Antes de seguir: vender no cura. No solo lo digo yo. Algún cliente, también.
Estás en un momento vital, como cuando vinieron al mundo.
Si la tristeza es por tus hijos, la tristeza se muda contigo. Se cuela en cada caja que haces, y sale de cada caja que abres.
Pero lo has pensado. Has echado cuentas de lo que cuesta calentar en enero una casa donde usas habitación y media de cuatro.
Miras pisos cada noche, como si fueran los cromos de los niños en el recreo. Te sientes culpable si lo dices, parece que les estás diciendo ya no hay sitio para vosotros. Nada más lejos de la realidad. Se han ido.
Date ese permiso, también es tu vida. Nadie la va a vivir por ti. Ni ellos.
Van a volver. En Navidad, cuando se les rompa una lavadora o algo por dentro. Si vuelven para más que eso, malo.
Y volverán a donde estés tú, no a ese pasillo. También somos hijos.
Ese pasillo no es lo que los trae de vuelta.
Ya hiciste el trabajo
Se han ido porque podían irse. Porque les diste lo que hacía falta para irse.
Eso no es una pérdida. Es el resultado. Es, literalmente, lo que se supone que tenía que pasar y lo que mucha gente no consigue.
¿Duele igual? Duele igual. Las dos cosas son verdad a la vez.
Y quizá quieres quedarte. Perfecto, eso también es decidir. La casa te gusta, ahí tienes tu luz, tus vecinos y treinta años de vida en las paredes. Y tu forma en la butaca. Perfecto.
Lo que no es decidir es tener tres habitaciones cerradas y esperar a ver qué pasa.
La pregunta que sirve
No es ¿qué hago con la casa?
Es esta: ¿esta casa es para la vida que quiero ahora, o para la que ya pasó?
Contéstala tranquila.
Contéstala en enero si hace falta.
Pero contéstala tú, no el silencio de las siete de la tarde.
Si la respuesta es que sí, que toca vender, entonces empieza la parte técnica: cómo se vende, con quién y cuánto cuesta cada opción.

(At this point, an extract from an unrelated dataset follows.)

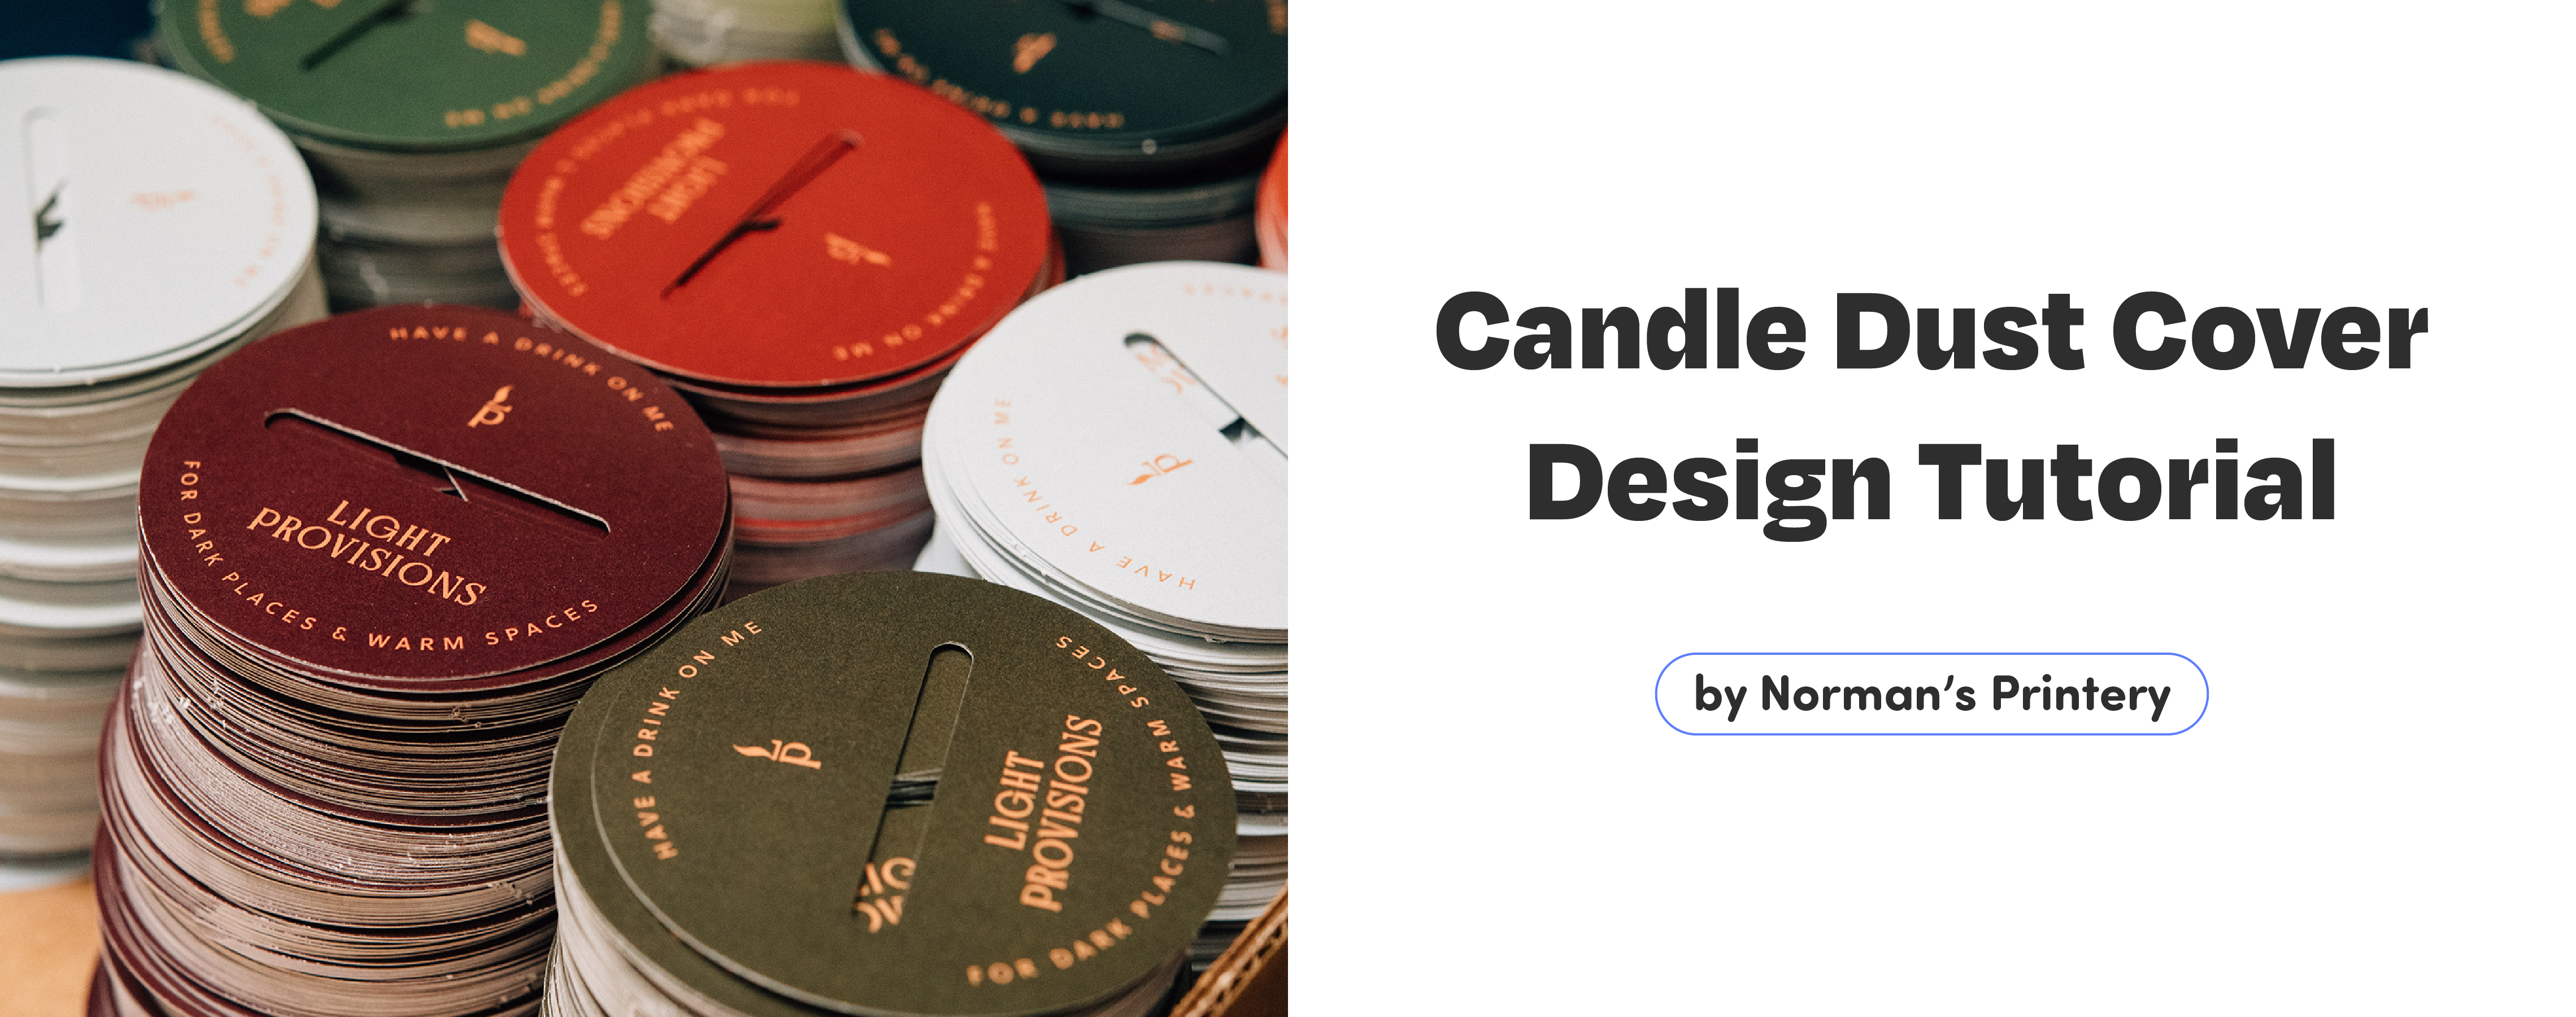 Candle dust cover design tutorial

Esto te lo estás preguntando…
¿Cuánto dura el síndrome del nido vacío? Lo más agudo suele durar meses, y baja bastante cuando aparece una rutina nueva que no depende de los hijos. Del todo no se va: se aprende a vivir con ello. Si a los seis meses sigue igual de intenso o hay síntomas de depresión, esto se habla con un profesional, no con un blog inmobiliario.
¿Es buena idea vender la casa familiar cuando los hijos se van? Depende de para qué la quieres. Si usas habitación y media de cuatro y el mantenimiento pesa, es una conversación razonable. Si la casa sostiene tu vida diaria, no vendas por un mal septiembre.
¿Y si mis hijos se enfadan? Suele pasar menos de lo que temes, y ayuda decírselo antes de tomar la decisión, no después. La casa es tuya. El vínculo con ellos no está en el metro cuadrado.